February 4, 2019 / 10:28 AM / 10 months ago

UK watchdog tightens requirements on asset managers

LONDON (Reuters) - Managers of four trillion pounds in assets must clearly spell out to customers from May how they measure performance of money invested in their funds, Britain’s Financial Conduct Authority said on Monday.

FILE PHOTO: The Canary Wharf financial district is seen in east London November 12, 2014. REUTERS/Suzanne Plunkett (BRITAIN - Tags: BUSINESS)

The FCA published a set of new rules for asset managers, saying its review of the market found “weak price competition” leading to lower returns for savers.

It was the second batch of remedies or rule changes following publication of its market study into asset management in November 2015 to improve “value for money” for investors in funds that have been accused of being opaque regarding fees and charges.

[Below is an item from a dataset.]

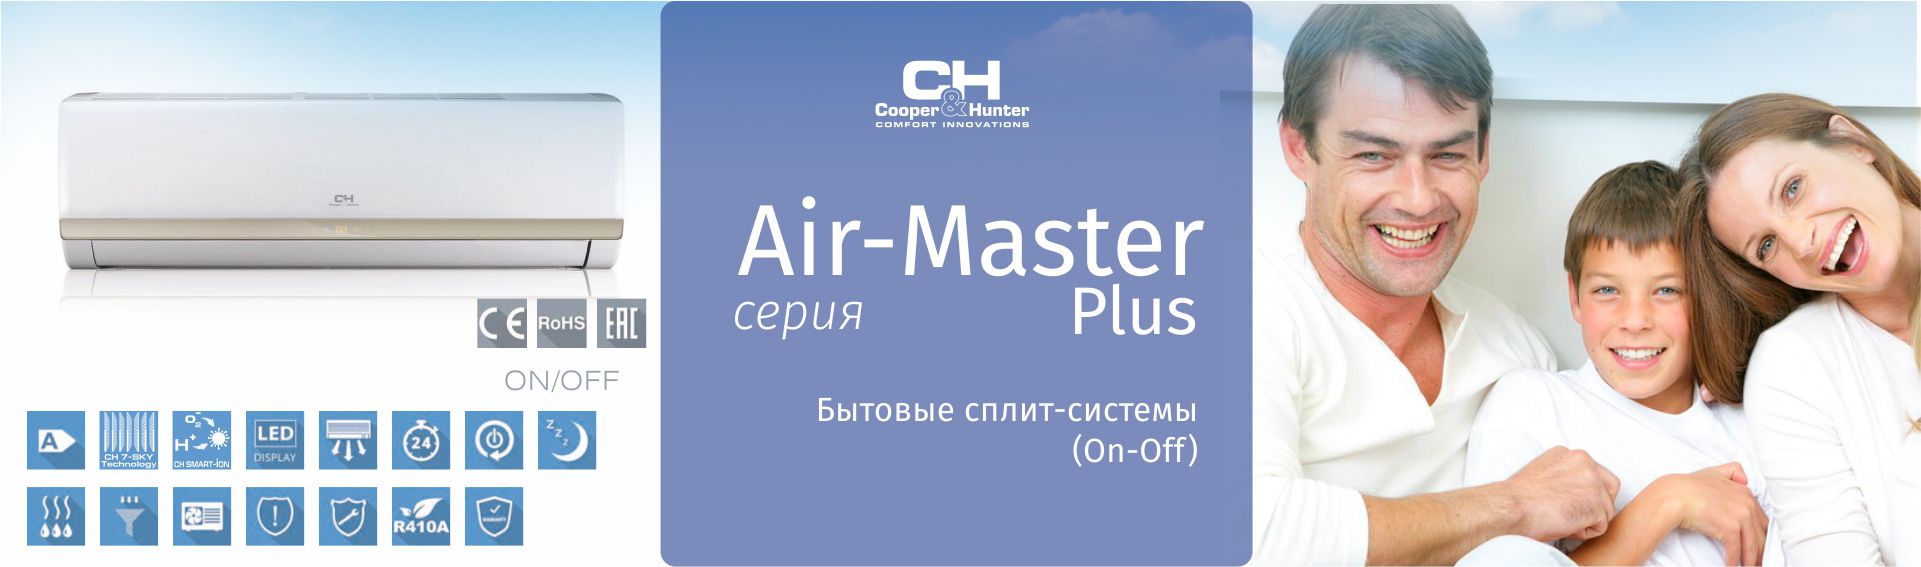 Серия Air-Master Plus

The latest batch requires fund managers to clarify how performance of the fund is measured, and show that where a performance fee is specified, it must be calculated based on the scheme’s performance after the deduction of all other fees.

“Today’s remedies build on those we’ve already introduced and will make it easier for investors to choose the best fund for them and help them achieve their investment objectives,” said Christopher Woolard, the FCA’s executive director for strategy and competition.

The Investment Association (IA), which represents funds in Britain, said it was committed to increasing transparency and promoting clearer language across the sector.

“Our customers should be able to easily compare fund information, so that they can choose investment products best suited to their needs,” said IA Chief Executive Chris Cummings.

The rule changes are broadly in line with what the FCA had proposed.

The remedies will also help root out so-called closet trackers or funds that charge higher fees for using their expertise to pick stocks, but in practice largely track a market benchmark such as the FTSE 100 for UK blue chips.

“Today’s final rules provide a little more meat on the bones around the use of benchmarks. It’s now down to firms to work out how that builds into their documentation and crucially their complex work on value assessments,” said Andrew Strange, a risk and regulation director at consultants PwC.

The FCA said it will say later this year if the remedies should be applied to unit-linked and “with-profits” products.

The IA said it would publish guidance later this month on “consistent terminology” in communications from fund managers to customers.